Roto uses them for their camera guy in Tucson.


----------



## victoryplbaz (May 19, 2012)

affordabledrain said:


> There is a guy on another forum that has the nissan version. He had that thing packed. He runs a full service shop out of it. I believe the key is to just pack light


This is the little one Ford has out. I havent seen a small nissian van out there..Just that truckavan they have.


----------



## okcplum (Jul 16, 2011)

victoryplbaz said:


> It looks like its the same size as the Sprinter and height as well. I guess it replaces the E250 this coming year.


I had one in the uk, its a transit tdci long wheel base.

2.5 liter turbo diesel, I would love for them to be here in the usa, I would buy one straight away. Best van I ever owned.


----------



## Widdershins (Feb 5, 2011)

4 banger. 

Useless here in Seattle where you need something to make it up the hills.


----------



## Gettinit (May 9, 2012)

The ones Nissan has out that are comparable to the Transit are smaller inside and a much higher price, around here.


----------



## affordabledrain (Nov 24, 2009)

just browsed fords website. There is not that much of a difference of price. Between the transit connect and the e series work van. When you consider 5 k difference in price. will be less when dealing with a dealer and all the incentives that come with a new vehicle. I guess it would come down to personal choice


----------



## Nuplumber (May 9, 2012)

*Ford transit*

We just add one to our fleet. It's just for light service and non main line rod outs. They cost almost as much as a one ton van. We payed 25000 for it, but it was deck out with lights, storage racks, and ladder rack. I think the base price was 22000$. With the ladder rack it will not fit in most parking structures, this is a big down fall. I could see it for my construction crew because they work out of gang boxes. Most of their material is drop of buy supply houses and need a flat bed for all their stuff upon completion. Their full size van is mostly empty during extended jobs. With parking being what it is here bigger is not always better. I would like to try one to see if I could make it work but I have a tool hoarding problem. The gas might also factor in my truck get 13 mpg the transit get closer to 20 mpg. I will post a pic tomorrow


----------



## Gettinit (May 9, 2012)

~ $18,000 base price (around here) with 2 seats and no back windows but with all of the power electronics including color backup camera.


----------



## Widdershins (Feb 5, 2011)

affordabledrain said:


> just browsed fords website. There is not that much of a difference of price. Between the transit connect and the e series work van. When you consider 5 k difference in price. will be less when dealing with a dealer and all the incentives that come with a new vehicle. I guess it would come down to personal choice


Scuttlebutt has the E series being discontinued in favor of the Transit in the next year or so.
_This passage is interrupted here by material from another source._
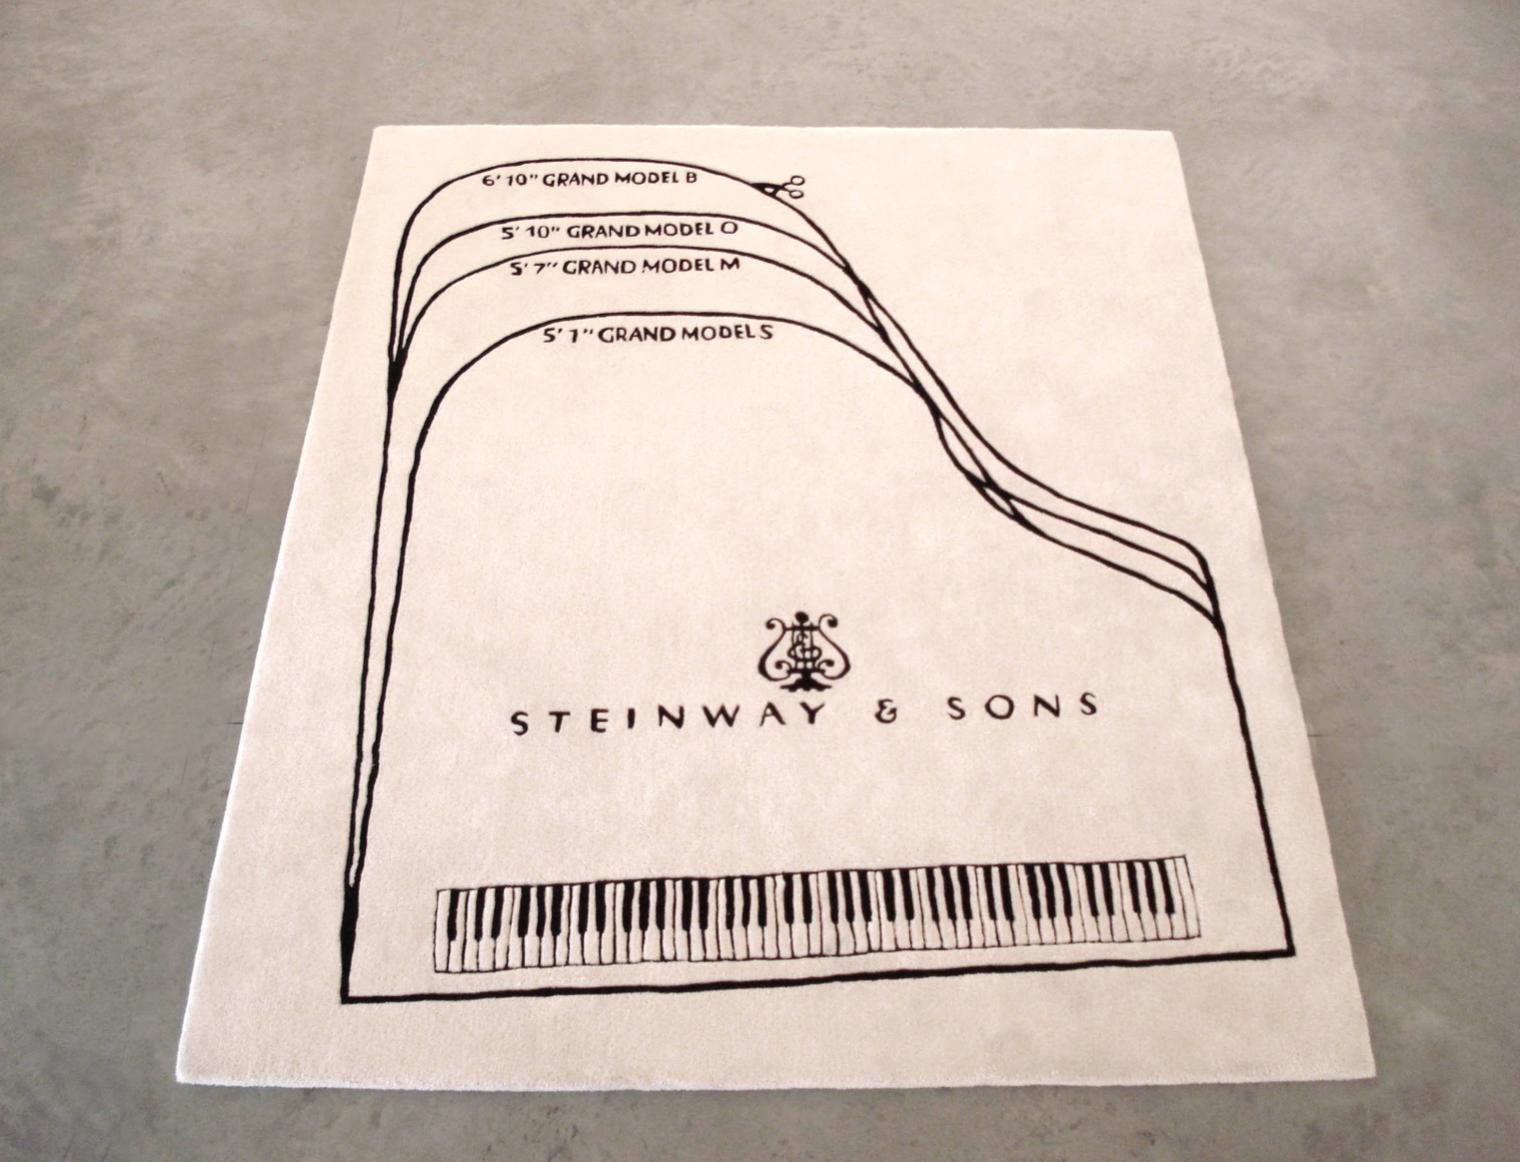 Barbara Bloom,  Steinway Piano Carpet  (2010). Courtesy of David Lewis Gallery, New York.

Hopefully I'll be retired by then and it wont matter.


----------



## Will (Jun 6, 2010)

The little Transit seems to be worthless to me, unless it is for an estimator to drive around in or secretary to run around in.


----------



## Pac Rim Plumber (Jun 23, 2010)

Ford currently has the Transit connect and the E series vans, they plan to discontinue the E series and replace it with with the Transit Van, it is a full size van unlike the Transit connect.

http://www.autoblog.com/2011/10/05/ford-transit-van-coming-to-america-as-kansas-city-built-t-series/


----------



## cbeck (Mar 7, 2012)

http://news.pickuptrucks.com/2012/03/ford-transit-to-get-diesel-for-us-.html

Ford is putting the new Eco Boost and a new small diesel engine in the North America models. Lighter than the E series, but The payload is reduced.


----------



## Plumber (Jan 18, 2009)

cbeck said:


> http://news.pickuptrucks.com/2012/03/ford-transit-to-get-diesel-for-us-.html
> 
> Ford is putting the new Eco Boost and a new small diesel engine in the North America models. Lighter than the E series, but The payload is reduced.


The article said that this will replace the E series. Gods Below, I hated that E series. Most of my apprenticeship was in those suckers and it don't matter if they're golden, the freaking memories are like a flashback of the worst acid trip. 

And back in the day, a.c was considered sissy, so most of the time we sweated it out in those death boxes.

I ___ing hate Fords.


----------



## Perryphc (Jul 6, 2012)

I can see the transit for an estimator, maybe a startup guy or something. But not for a full service van/utility truck. Besides, everytime I see one, I expect the doors to open and about 20 clowns come out.


----------



## Adamche (Feb 10, 2012)

This is what we use here! It is a ford ranger, made by Mazda, 4cyl turbo diesel Pos!


----------



## Will (Jun 6, 2010)

cbeck said:


> http://news.pickuptrucks.com/2012/03/ford-transit-to-get-diesel-for-us-.html
> 
> Ford is putting the new Eco Boost and a new small diesel engine in the North America models. Lighter than the E series, but The payload is reduced.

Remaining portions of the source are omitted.